According to the former ambassador, "My theory is that combating poverty is next to impossible for as long as we do not see it as a value larger than our own lives. Society has grown comfortable with its injustices against the poor. What scandalized the Pope does not scandalize us anymore, least of all our politicians and the bureaucracy in spite of the Herculean efforts of some government officials. We have been desensitized to the pains of the poor, immunized against the viruses of their sicknesses and sufferings."

He added that injustice in our country is institutionalized in our unjust structures, including our law enforcement institutions. We are faced with a new breed of terrorists: prominent persons in society, with no compunction to kill, using law enforcement agencies and courts of justice to inflict injustice. "If we are looking for a battle cry," Dee shares, "my humble suggestion is ‘Justice.’ We must fight the enemy by rendering justice with justice."

Ambassador Dee usually declines media interviews and only agreed to share his ideas with Philippine STAR, on condition that the focus would be on the ideals of his Assisi Development Foundation, Inc. (ADFI) and his passion for Philippine social justice.

In 1975, he and then Ateneo de Manila University president Fr. Francisco Araneta, S.J. organized the Assisi Development Foundation, Inc. to respond to then Pope Paul VI’s battle cry that "development is the new name for peace."

Dee recalled our present-day Pope’s reaction to Philippine mass poverty. He said, "When Pope John Paul II visited our country, he was visibly shocked by this stark contrast of prosperity and poverty, which he called a scandal in the life of Christians."

In a meeting with the bishops, he analyzed our social plight. He appealed to our nobility as a Christian people. He said that the loss of our Christian nobility brings with it a decline of moral values. Dee added, "This leads to a growing culture of materialism, resulting in unjust social structures that exclude the poor from the benefits of development."
200 Years Of Entrepreneurship And Social Service
There is the stereotype image of many ethnic Chinese entrepreneurs as successful ones. In my research on the 200-year- entrepreneurial history in the Philippines of our family surnamed Li (pronounced "Lee" in Mandarin and "Dy" or "Dee" in the Hokkien dialect) from Chio-Chun Village of Fujian province, I found out a disproportionate huge number of descendants of our immigrant ancestor had excelled not only as pioneer entrepreneurs, community leaders, bankers, industrialists, but also as educators, philanthropists, medical doctors, religious leaders, even activists and a World War II resistance leader executed by the Japanese invaders to Manila.
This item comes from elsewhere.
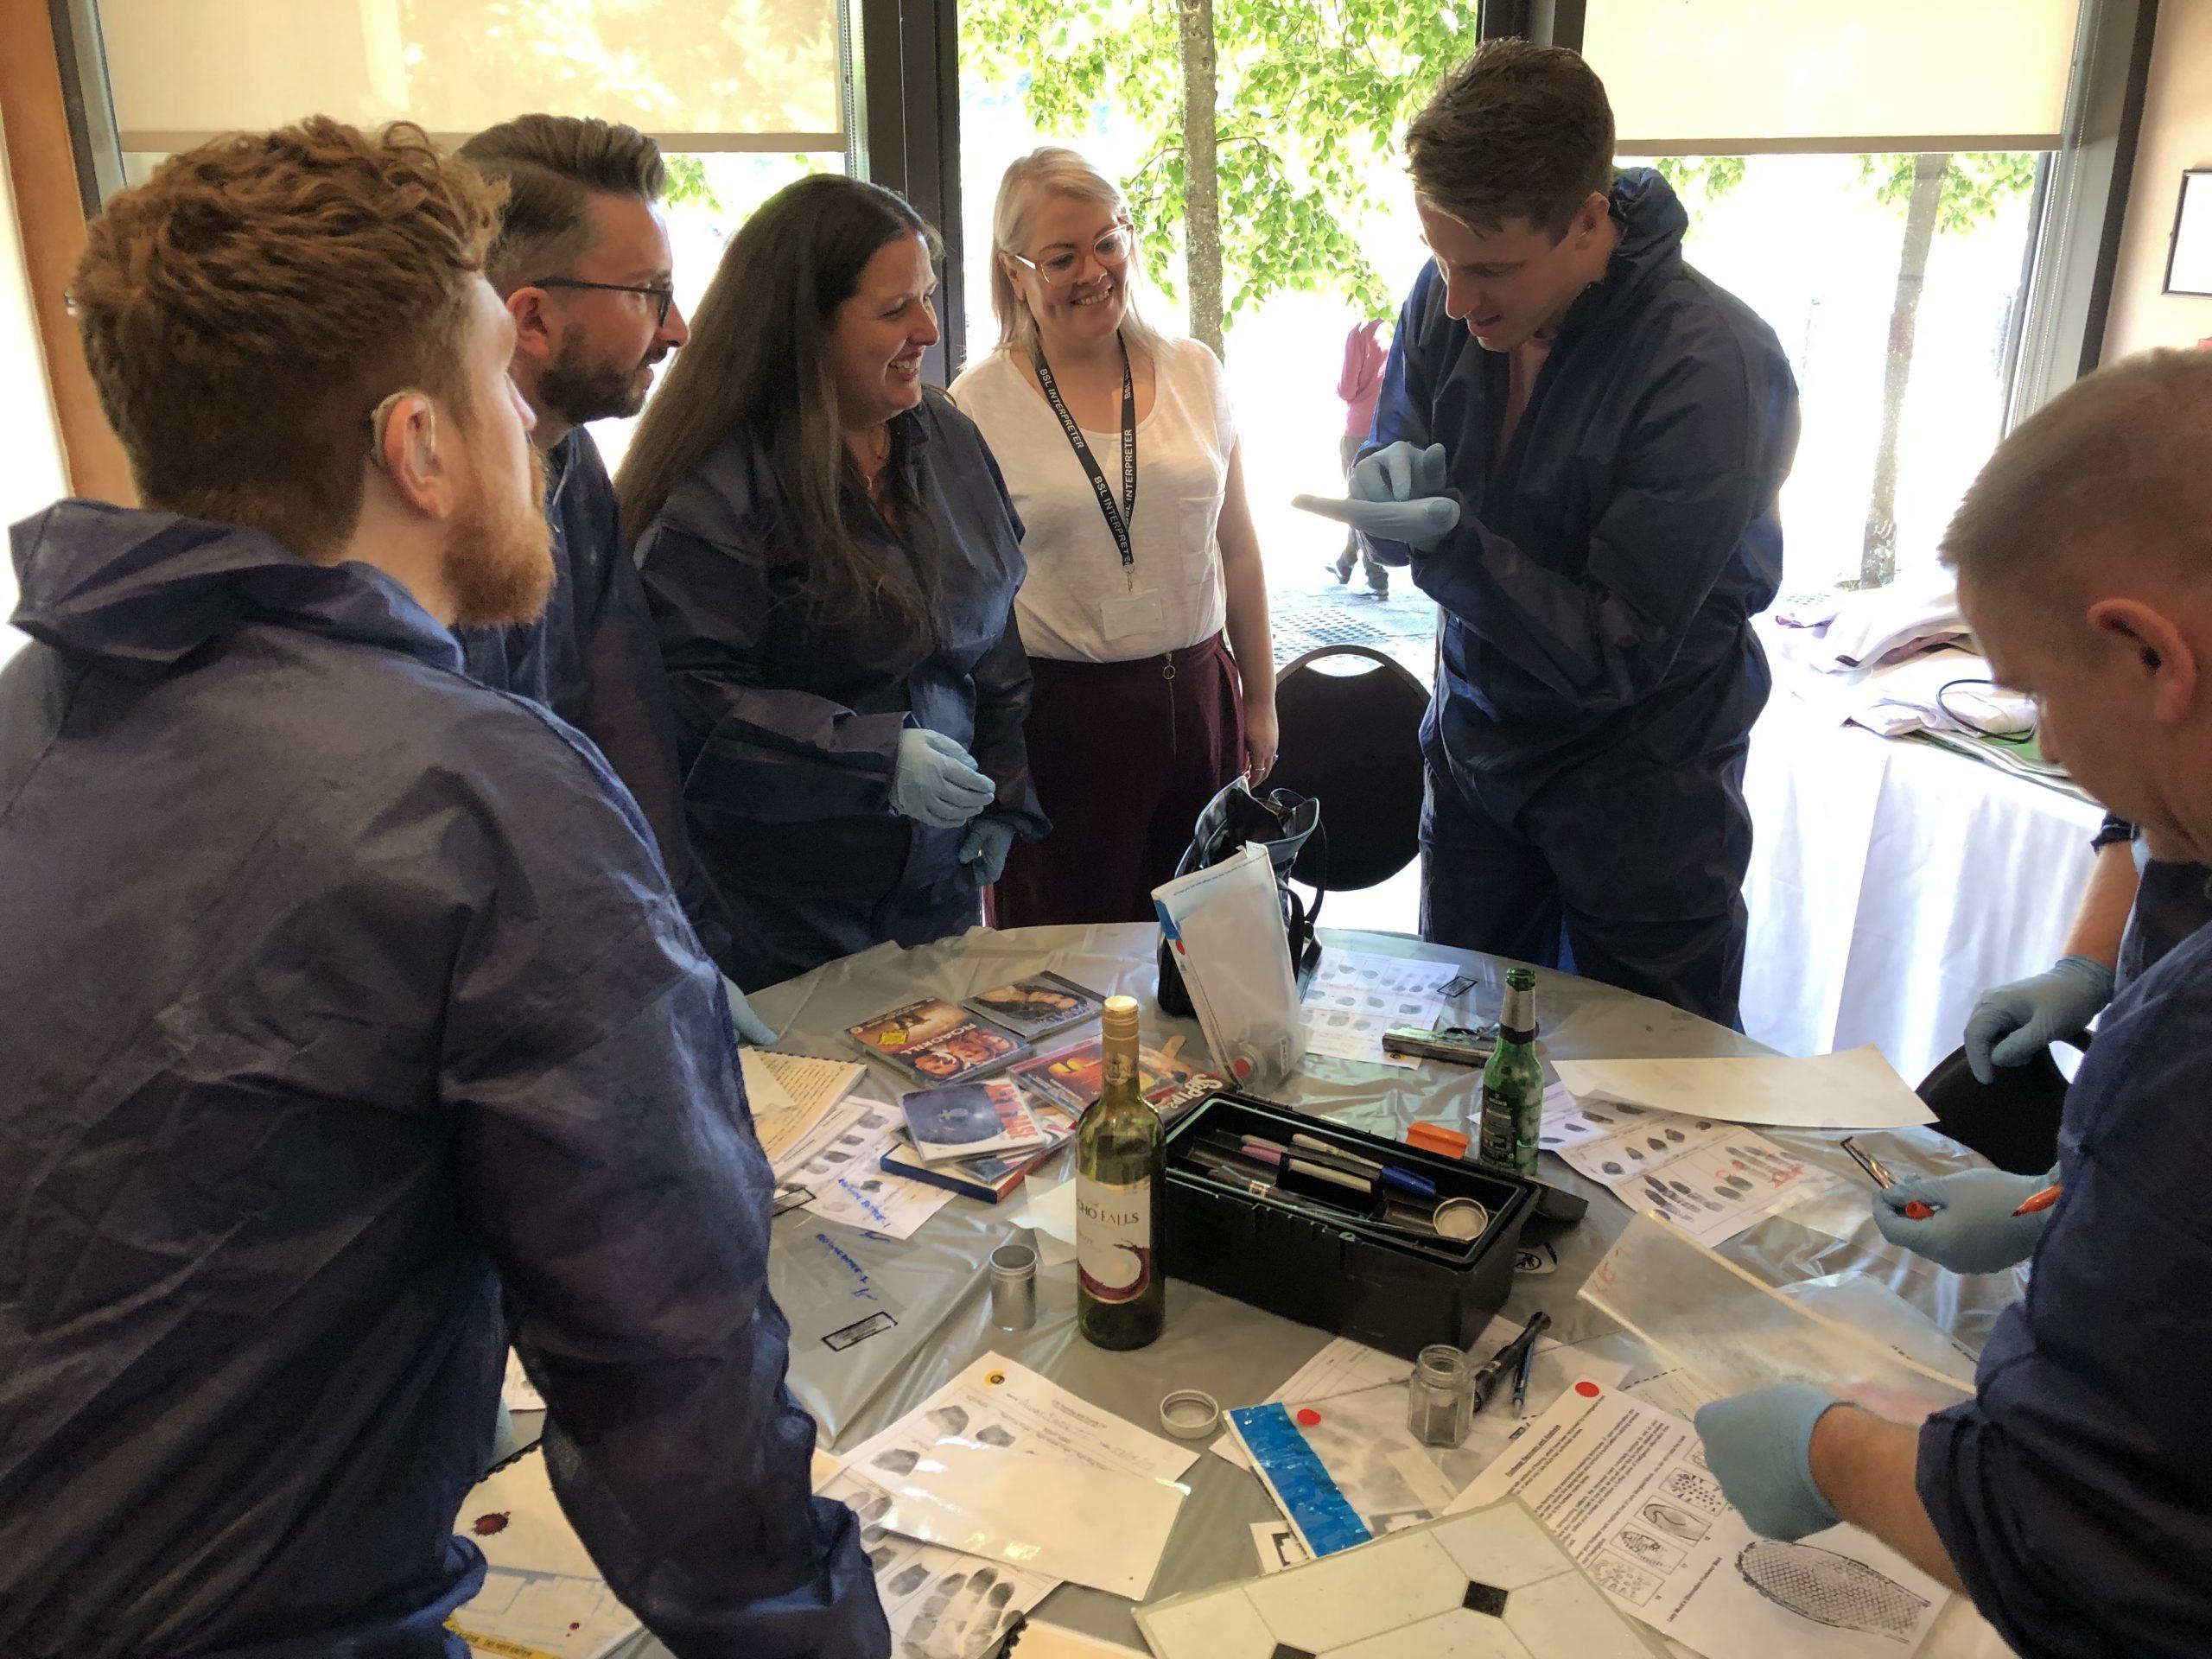 CSI Training and Events - ITV signpost Delegates examining items at a CSI team building event

On May 2, this writer donated to the Bahay Tsinoy Museum in Intramuros led by Teresita Ang See a large 1913 government certificate containing names of several prominent family members of the fourth and fifth generations who had then jointly donated a school to our ancestral Chio-Chun Village. The first to gain prestige and success was the 19th century "rags-to-riches" lumber tycoon Dy Han Kia, the leader of the family’s third generation in the Philippines and my great-great-grandfather. Dy Han Kia was also a philanthropist who maintained very close ties to the Catholic Church during the Spanish colonial era. The leader of the fifth generation was Dy Han Kia’s grandnephew 20th century "lumber king" and China Bank founder Dee C. Chuan, six-time president of the Chinese Chamber of Commerce who passionately championed the most daring civic, social and even political causes.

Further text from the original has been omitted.